Maybe the worry is that the exchange can manipulate the crash (and then buy themselves at the cheap price), but I don't really see how 'regulation' would fix this. It would just mean people with the government's permission can now manipulate the crash.

Seems like using bots in a way that doesn't leave you vulnerable to such things is the only solution.

A lot of people that trade manually (not with bots) put in stop losses,. They do this to protect themselves should the price fall below a certain threshold. These seem to get automatically triggered when these flash crash occur on crypto exchanges.

Worse still if you say you put in a stop loss $300. During ordinary trading you can expect, should it get triggered to execute a trade in the $295 - $300 range (depending on the liquidity and size of the order).

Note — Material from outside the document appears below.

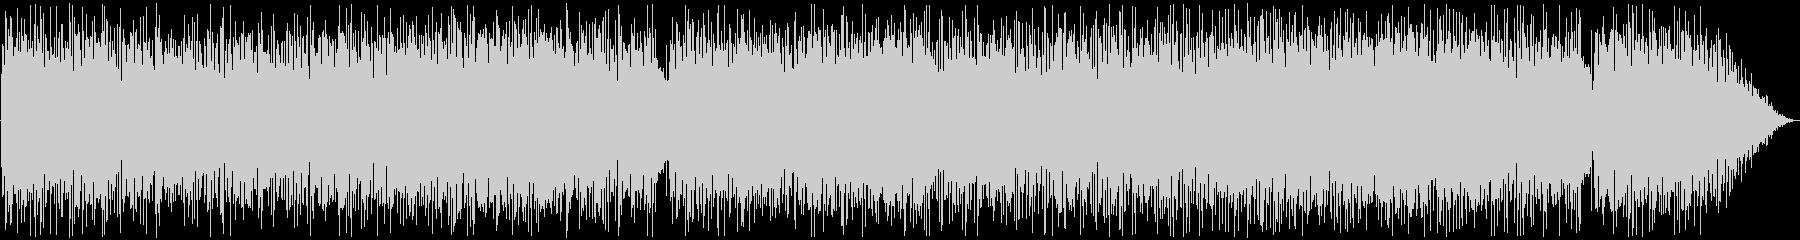 80年代のフュージョンバンド風の未再生の波形

However during a flash crash, by the time your order gets executed you could end up selling your coins at $50 (or in the case of the GDAX incident 50 cents). Which would not be your intention. Particularly if the price goes back up to normal range say $350 minutes later. People lose a lot of money on an isolated occurrence that happens on a single exchange that is out-of-step with the rest of the exchanges.

Someone with leveraged cash and visibility of stop losses could use that money and information to crash the market and pick up cheap coins as the stop losses are executed, if the exchanges do not have the necessary safeguards in place.

Add to that, that the exchange has visibility of everybody's stop losses and it is largely unregulated space.... it's an open invitation for consumer protection regulators to stick their noses in.

A very informed answer!

From a purely technical background, that 'flash crashes' can happen makes sense. The trading engine has no concept of particular tokens, what their intrinsic value is, what their prices on other exchanges are or whatever, it can only look at the available orders in the orderbook and if there isn't enough liquidity then a flash crash may happen.

Sure we can argue there should be protections to stop liquidating people if the market drops by a certain percentage in a single second or whatever, but that's where we get to choose arbitrary numbers - always difficult. Adding delays could also be risky: let's imagine the market doesn't pick back up and drops even more, now margin traders can't pay back their loans anymore.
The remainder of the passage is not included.